Socca for Lunch
One of my favorite things about working from home is having a freshly prepared lunch of exactly what I want to eat. Of course as you know, I indulge in full on breakfasts, even when I work outside the home, and typically cook dinner, but I never enjoyed having to pack a lunch and reheat something in a microwave to eat out of a glass container.
At home I get to eat it hot and fresh on real dishes with real cutlery, like real humans should eat their meals every day! But I digress!
The first time I saw Socca was many years ago in Saveur magazine. I was smitten! Socca is a pancake made from garbanzo bean flour.
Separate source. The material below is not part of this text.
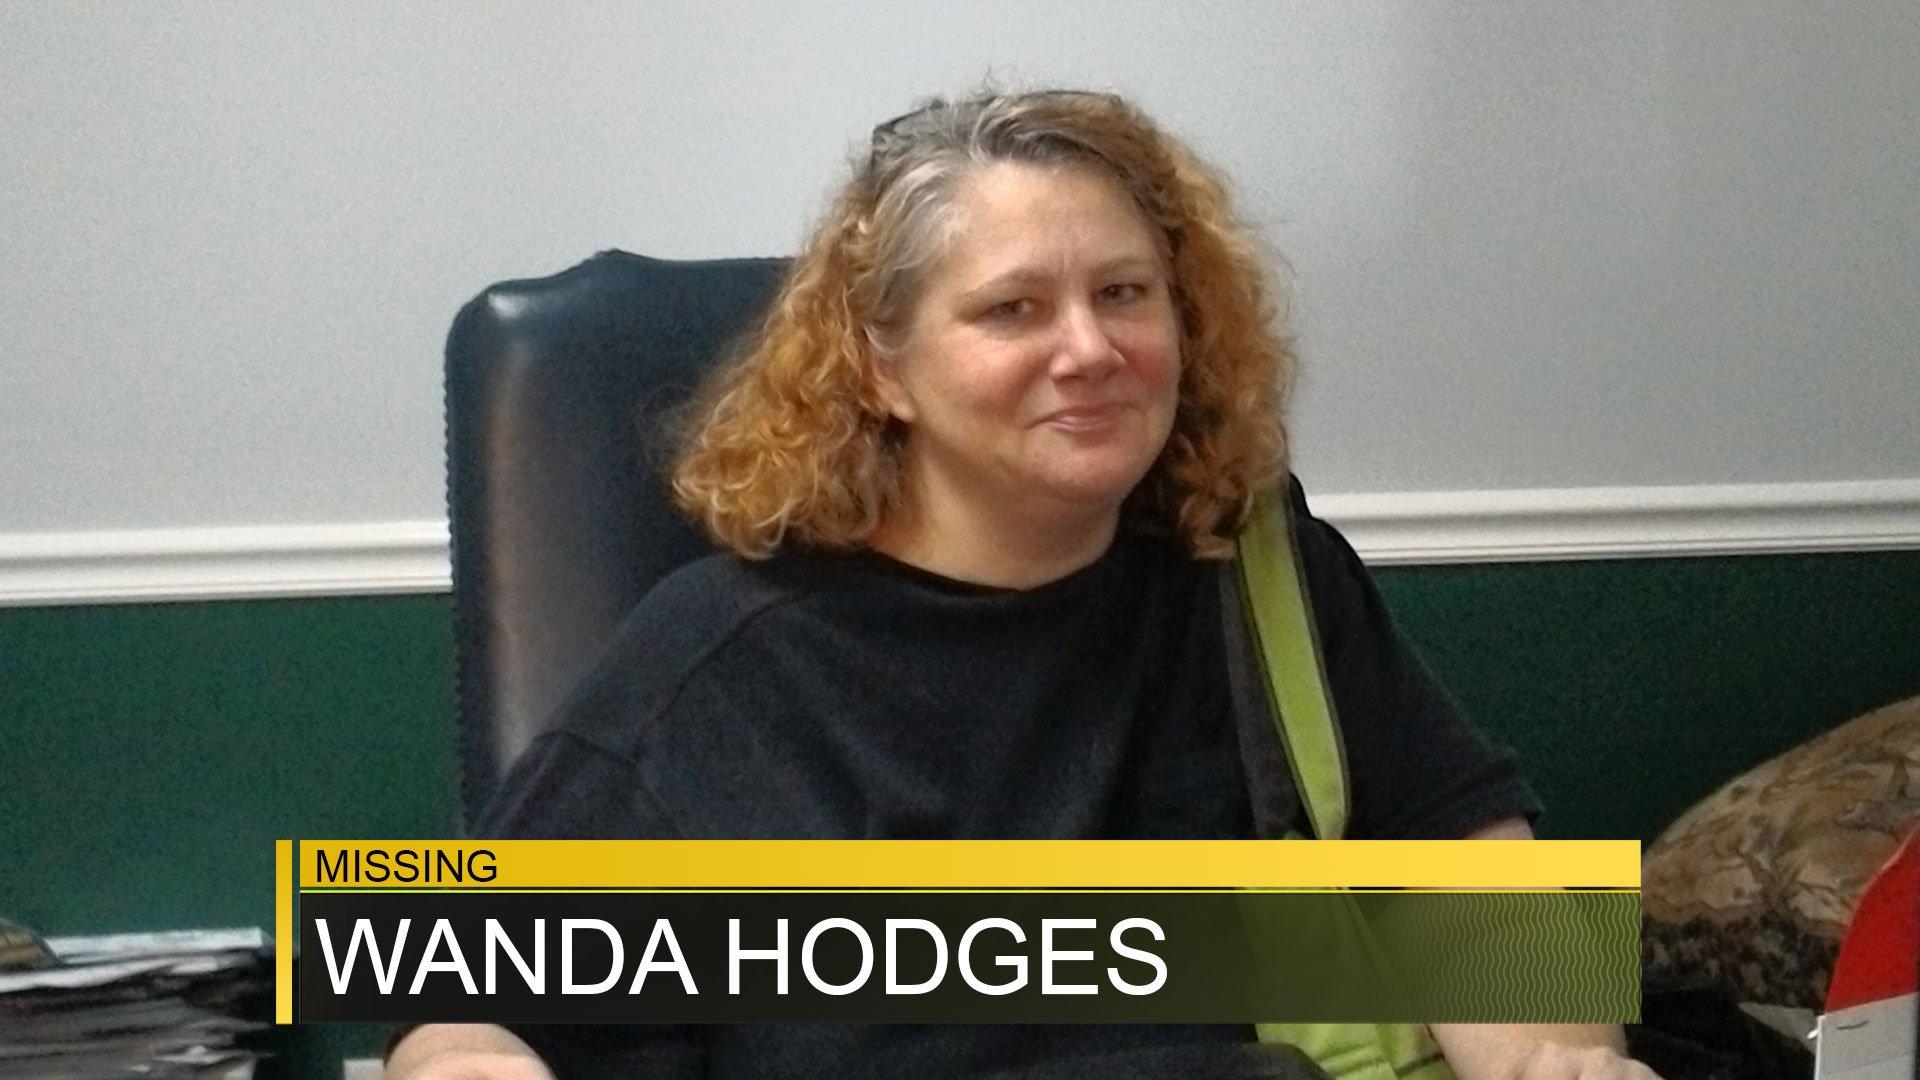 Wanda Hodges (Jefferson County Sheriff's Office)

According to David Lebovitz it’s sold in Paris, cooked very thin with crispy edges and served sprinkled with salt as a street food. In the article I read it was a thicker pancake to be used as a base for toppings, or as a side bread, like a pita. Either way, it’s a fun food loaded with fiber and nutrition.
I gilded the lily and spread my socca with hummus and topped it with sautéed dinosaur kale, thinly sliced celery, and a generous dusting of feta. So good! I kept the extra socca batter in the fridge and made a pancake fresh whenever I want one. I would use the batter up in four days, any longer and it may begin to ferment.
Ingredients
Olive oil to fry the socca in
1 C garbanzo (or chickpea) flour
1 C water (or more if the batter is too thick)
1 t salt
1/4 t onion powder
1/4 t ground cumin
pinch garlic powder
pinch red pepper flakes
1 T olive oil
Directions
In a small bowl whisk the garbanzo bean flour and water together until smooth. Add the salt, onion powder, cumin, garlic powder, red pepper fakes, and 1 T olive oil and whisk until smooth. If the mixture is too thick, thin with a little water. The batter should be the consistency of heavy cream if you want to make crepe like pancakes, or thicker for a more traditional pancake. Let the batter sit 20 minute before using to thicken.
Place a medium sized pan on a high heat, once the pan is hot, lower the heat to medium and add about 2 t of olive oil to the pan, swirl the oil to evenly coat the pan. Ladle about 1/4 C of batter onto the pan and tilt the pan in all directions to evenly distribute the batter. Once the batter begins to brown and curl around the edges, slide a spatula underneath and flip the socca to cook the other side. Remove to a serving dish and sprinkle with sea salt (optional) and serve. To insure nice crispy chip-like edges cook the socca in about 1 T of oil, the extra oil will fry the edges.
This makes about 4-6 pancakes depending on how big or thick you make them. You can make them ahead and reheat them whenever you want to eat them, or you can keep the batter in the fridge and make one whenever you want one.